Effective control of any outbreak of a novel influenza strain will rely on the ability of available testing modalities to detect and, critically, to rule-out infection with the novel strain. During the recent epidemic of novel H1N1 disease in Boston, Massachusetts, we found that we were able to effectively rule out novel H1N1 infection in symptomatic adults using DFA testing--a rapid, relatively low-cost, and commercially-available method. Even prior to optimization of criteria for specimen adequacy (below), the NPV of our DFA tests was 96%.
Our specimens were predominantly nasopharyngeal swab specimens collected using flocked swabs (which contain brush-like nylon fibers to improve cell collection), and this collection method produced excellent yield of columnar epithelial cells. Any discrepant results (DFA-negative/PCR-positive) that we did see were explained by one or more of the following factors: 1) borderline insufficient numbers of respiratory columnar epithelial cells in the specimen, or 2) misinterpretation of neutrophils as columnar epithelial cells and therefore incorrect assessment of specimens as having adequate numbers of cells.
In response to these findings, we have now increased our laboratory's cell threshold (for considering a sample adequate for DFA testing) from ≥30 to ≥60 columnar epithelial cells per test well.
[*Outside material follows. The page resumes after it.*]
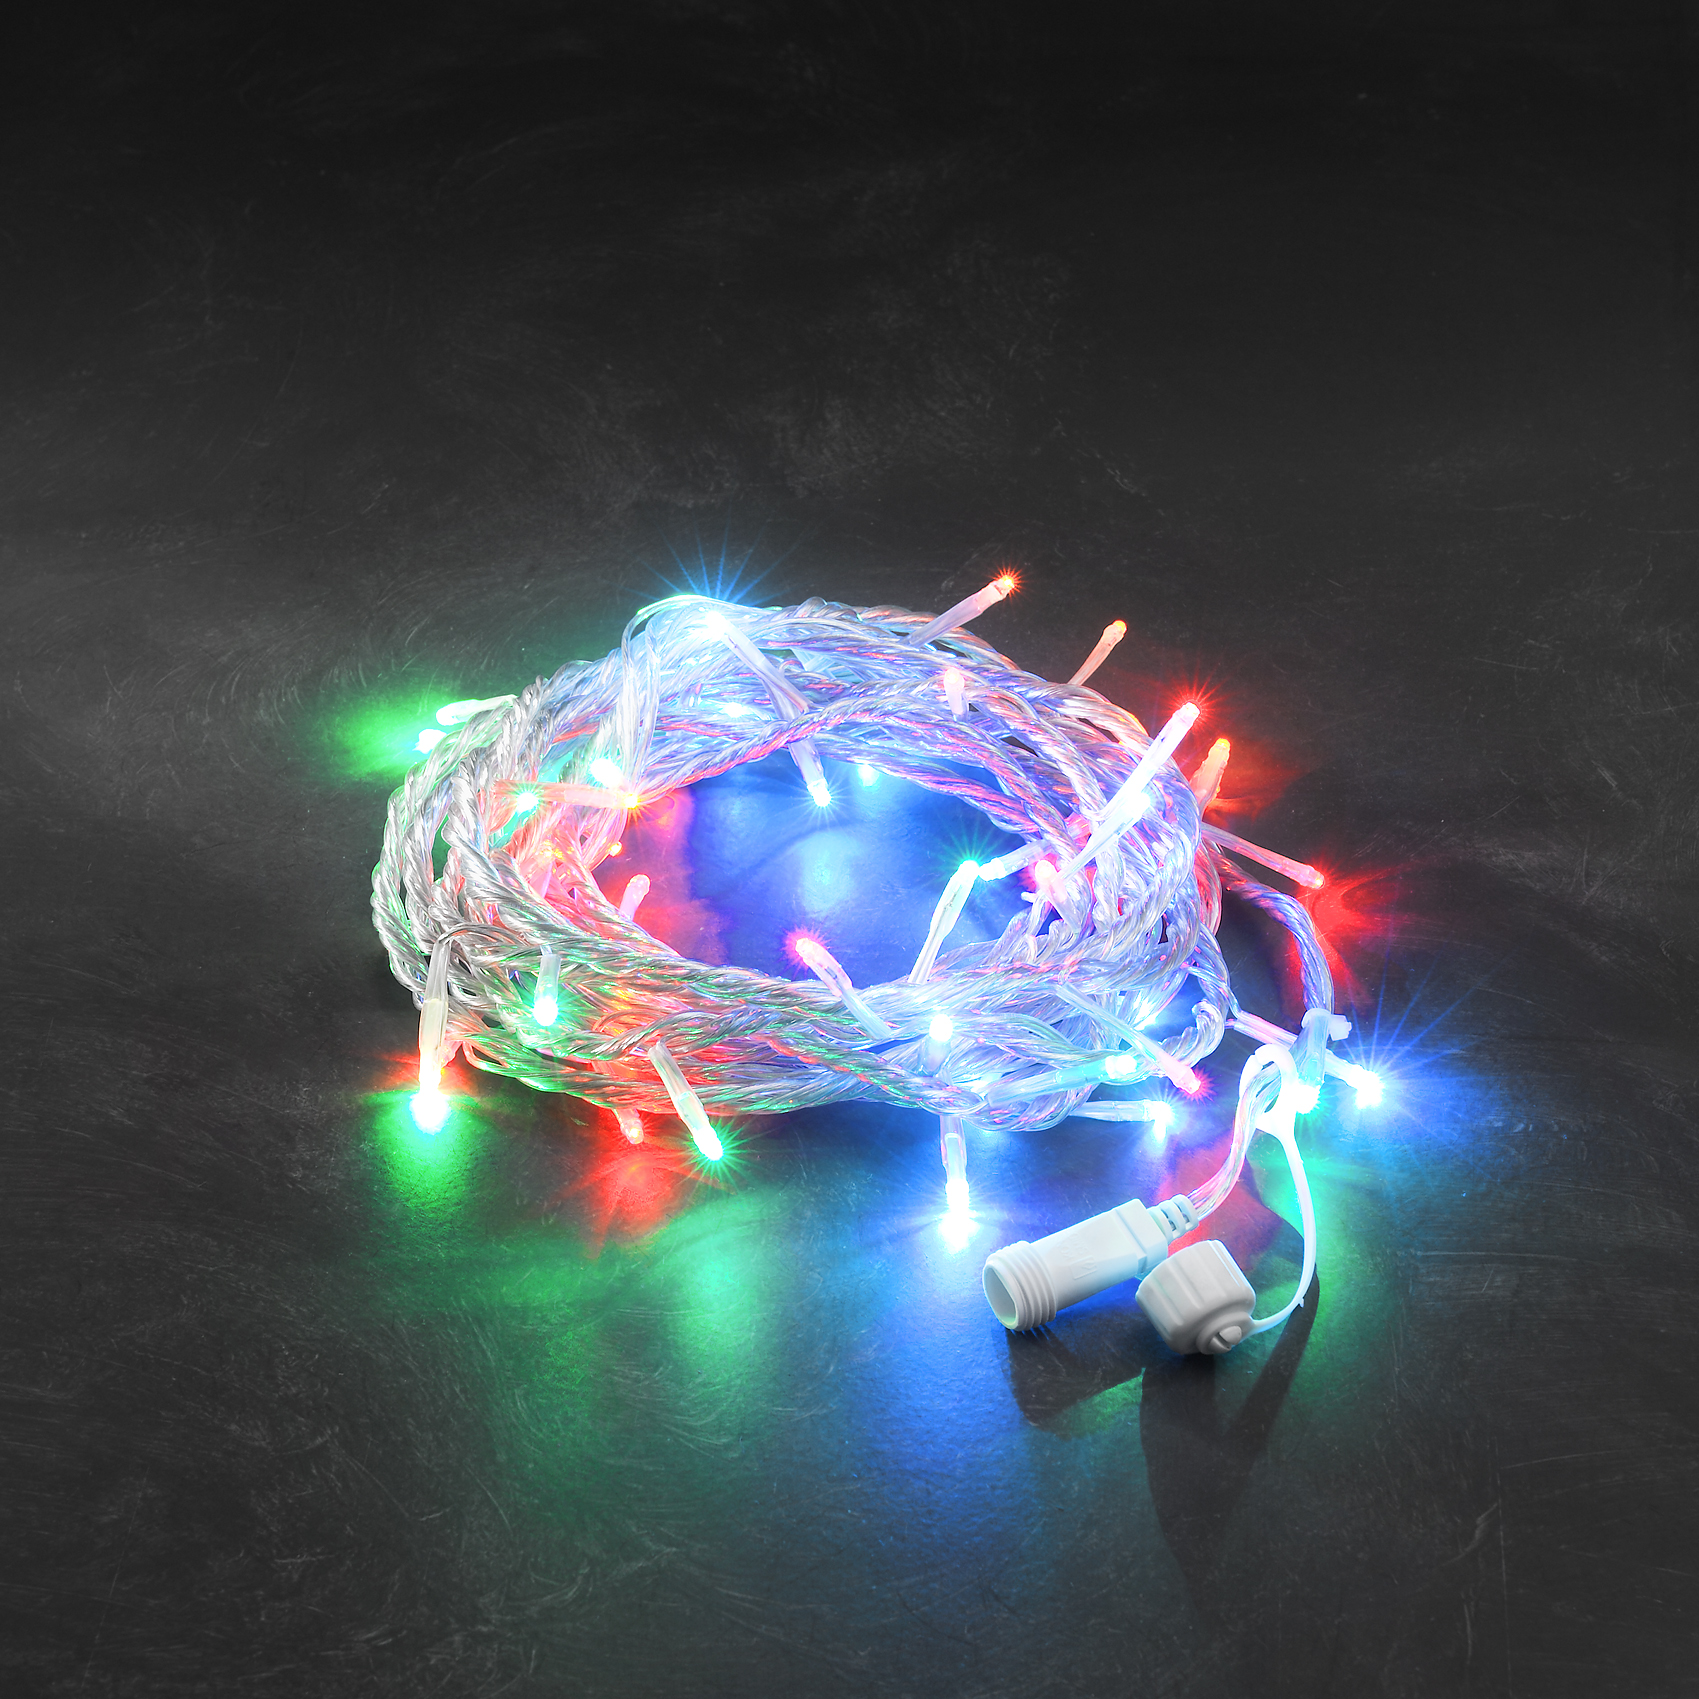 LED System 24V - Multi-Coloured Chain of Light, 50 LEDs

Past laboratory data (internal data from 2007–8 influenza season, not shown) indicated that use of this more stringent criterion for specimen adequacy would not significantly increase the frequency of specimen rejections. Furthermore, we have emphasized with our technologists the need to reliably distinguish respiratory columnar epithelial cells (the cell type infected by influenza virus) from neutrophils and squamous epithelial cells in assessing specimen adequacy.
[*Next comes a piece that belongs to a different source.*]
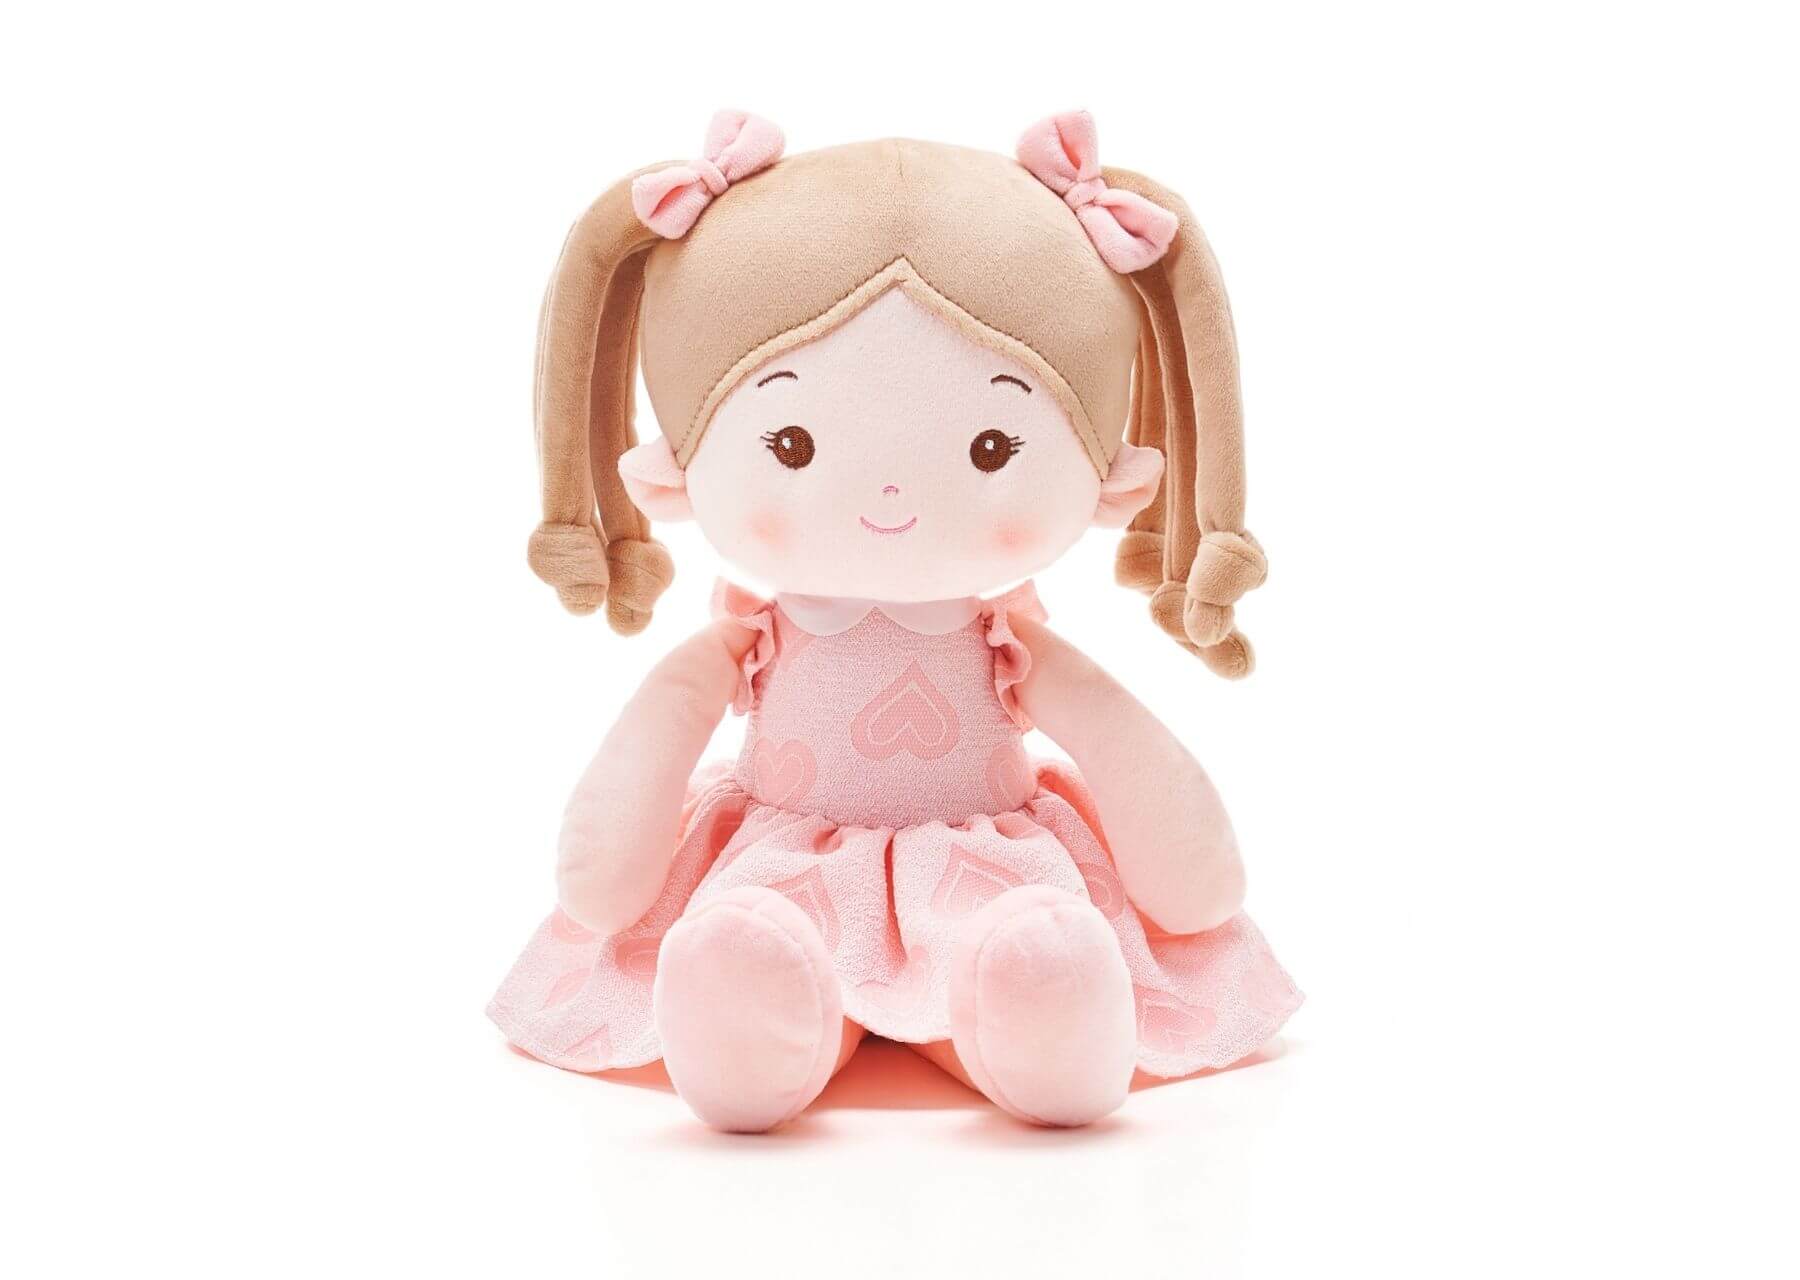 Leyadoll Soft Plush Personalized Leya Doll, My First Baby Doll - Leya Doll

We expect that with these changes we will have very few false negative DFA results going forward. Importantly, immunofluorescent staining (e.g., DFA testing) is a standard method for identifying viruses in clinical virology laboratories. Therefore, clinical virology laboratories should be readily able to apply this prior experience to implementation of highly sensitive DFA testing for novel H1N1. It should be noted that our study examined test performance primarily for adult inpatients and healthcare workers (outpatients) who met CDC criteria for influenza-like illness. Therefore, our results may not similarly apply to other patient populations, e.g., pediatric patients or other specific outpatient groups, in whom the performance characteristics of the DFA test may differ. Furthermore, our NPV is specific to the disease prevalence associated with this period of the H1N1 pandemic; if the prevalence of H1N1 in adults increases in the future, the NPV of the DFA tests may decrease to some degree. Nevertheless, our results demonstrate that DFA testing can be used to effectively exclude infection with the novel H1N1 influenza strain in a hospital setting, allowing resources and infection control efforts to be focused on those who test positive.